Last year, Pallium India reached 4,874 unique patients; trained 1,061 healthcare professionals; and catalyzed the development of 40 palliative care centers across India.
“Kerala represents a unique model,” Bhadelia says. “It demonstrates how in a [low- and middle-income country] context, there can be strong models of access to palliative care, and particularly community-based palliative care.”
One parent describes their experience at an event for Pallium India’s parent support group Rithu in a blog post: “The moment we arrived, we were greeted with tea and vadas, and the children were excited when the organizing team created beautiful henna designs on their palms.” The parent continued to describe the day’s activities and concluded, “To many families like ours, who carry an emotional burden due to illness, every day is about survival. There is time for little else. Rithu was a much-needed break from routine that we did not even know we needed. We made friends, and found solace from each other.”

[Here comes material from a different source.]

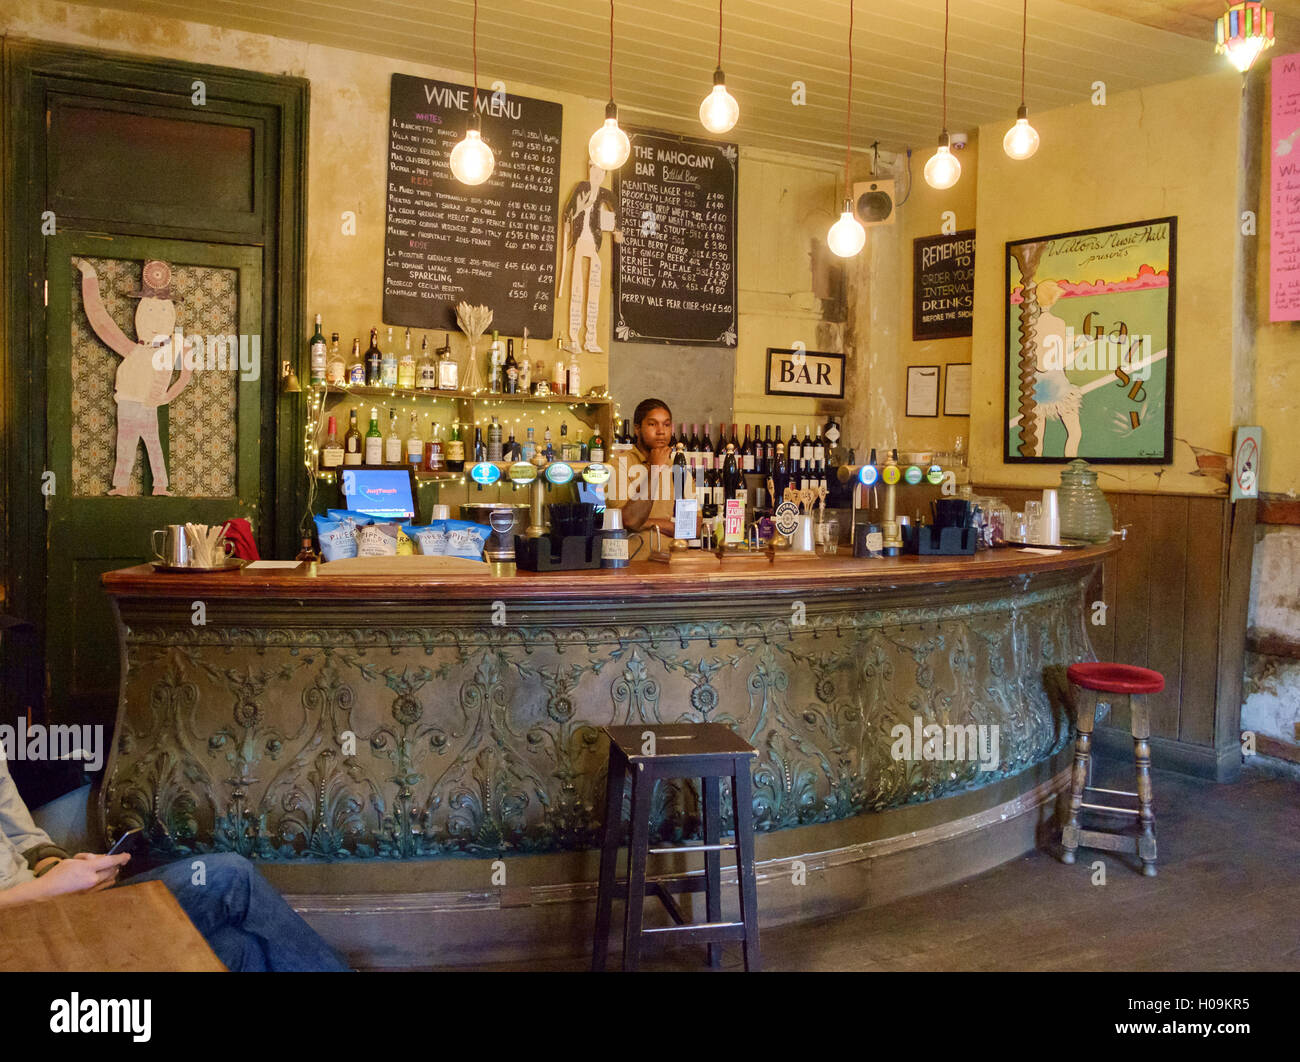 Barra de bar con listones de madera  Restaurant bar, Home decor, Barra bar

Pallium India offers just one example of how community-based organizations can work with patients and deliver culturally competent care. Government funding and support of palliative care initiatives will be paramount in developing countries, but equally important is developing models of care that work for the communities they serve.
Ultimately, says Connor, palliative care is “everyone’s business.”
“The mortality rate remains stubbornly stuck at 100% — we’re all going to have to face it someday,” he says. “So let’s prepare ahead of time as much as we can, have conversations with our loved ones to make sure that we know what their wishes are … and help address those as best we can.”